GitGuardian's 2026 secrets sprawl report found tens of millions of new hardcoded secrets on public GitHub, with AI-service credentials and MCP config files growing fast. Separate estimates put eventual exposure risk for secrets stored in LLM context very high when injection, logging, and hallucination are combined. Treat context as a broadcast channel, not a vault.
How sensitive data gets in
Coding agents ingest config by default. .env files, docker-compose YAML, CI logs, and error stack traces get pulled into context because they look relevant to the task. They often contain live tokens.
RAG indexes everything. Internal wikis, ticket exports, and Slack archives get chunked and embedded without redaction. A support bot retrieves another customer's PII because chunk boundaries split poorly and access control stopped at the index, not the chunk.
Tool results echo secrets. An API debug endpoint returns full headers including Authorization. A database tool returns rows with emails and phone numbers. All of it goes back into context for the next model call.
MCP and agent configs hardcode credentials. Thousands of MCP server configs in public repos contain API keys. The agent reads the config to know how to connect, which puts the key in context before the first tool call.
Logging and tracing. Frameworks that log full prompts and tool payloads copy context verbatim into Datadog, LangSmith, or S3. Incident response later searches those logs with broad permissions.
PII in retrieval and multi-tenant RAG
PII leakage is not always a Hollywood hack. Often it is retrieval returning the wrong user's record because metadata filters were missing or embeddings ignored ACLs.
Every chunk needs tenant ID, data classification, and expiry in metadata. Filter on those fields before vector search, not after.
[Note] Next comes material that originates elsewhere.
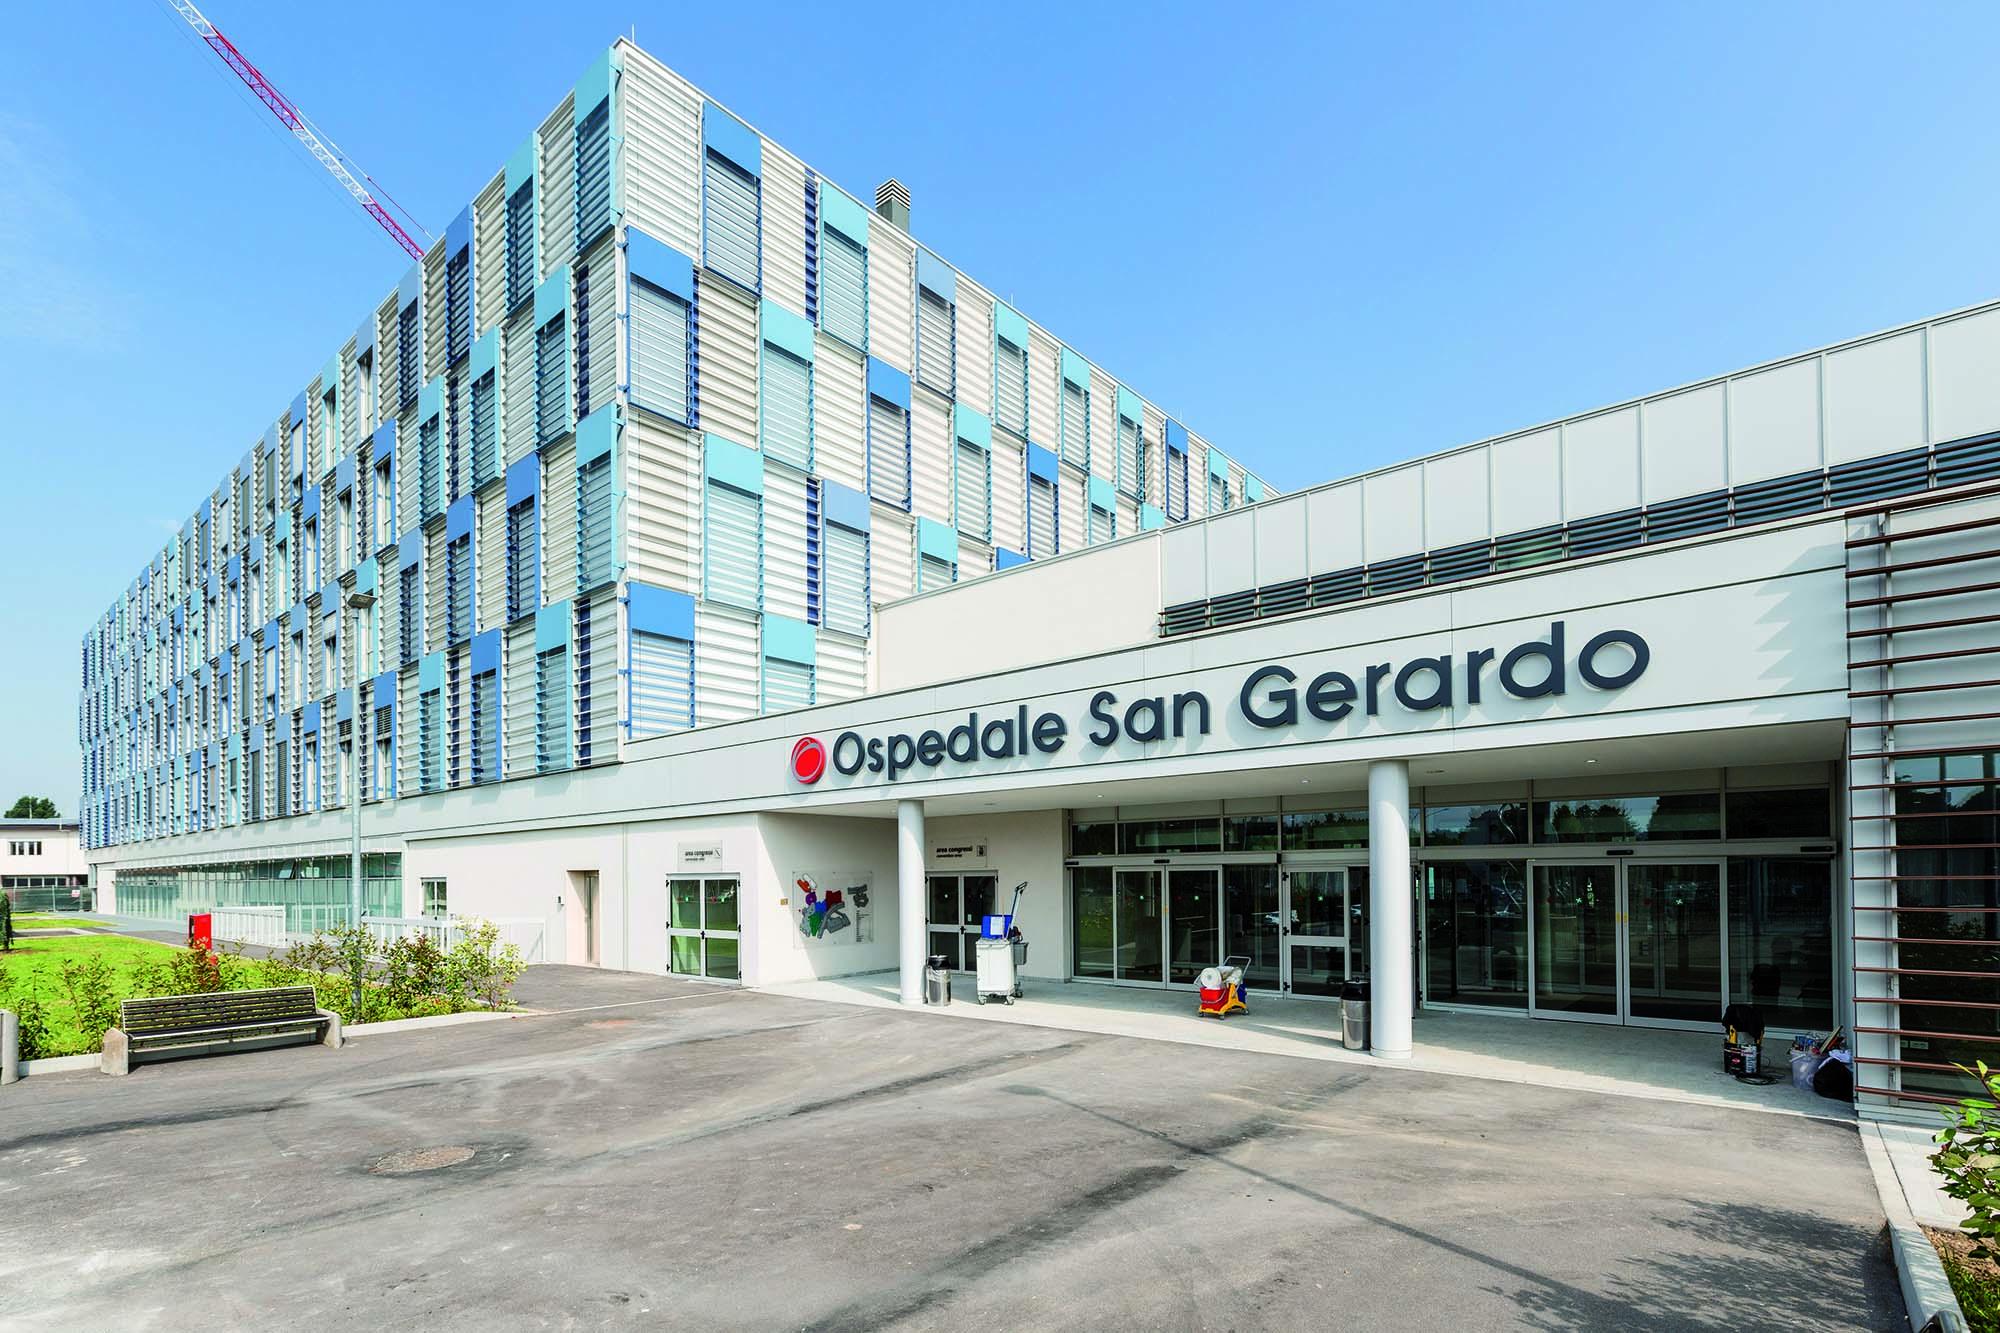 L'Ospedale San Gerardo di Monza

Post-filtering top-k results wastes slots and still leaks if the model summarizes "near misses."
Minimize fields in retrieved text. If the model only needs "order status," do not pass full billing addresses. Structured extraction calls can pull a single field from a document so the rest never enters context.
Regulatory frames (GDPR, HIPAA) care about purpose limitation and retention. Logging full RAG context for debugging can violate both if logs live longer than the chat session.
Customer chats used as fine-tuning data without scrubbing become permanent memorization targets. Models can regurgitate phone numbers and emails seen often enough in training. Even if you never fine-tune, vendors may offer opt-out training programs: know your DPAs. For internal RL or preference tuning, run PII detection on every row before it enters a dataset. Redact, do not just hash, if the model still sees surrounding text that re-identifies the person.
Controls that work in production
Short-lived credentials. OAuth with narrow scopes, workload identity for cloud resources, Vault dynamic secrets that expire when the task ends.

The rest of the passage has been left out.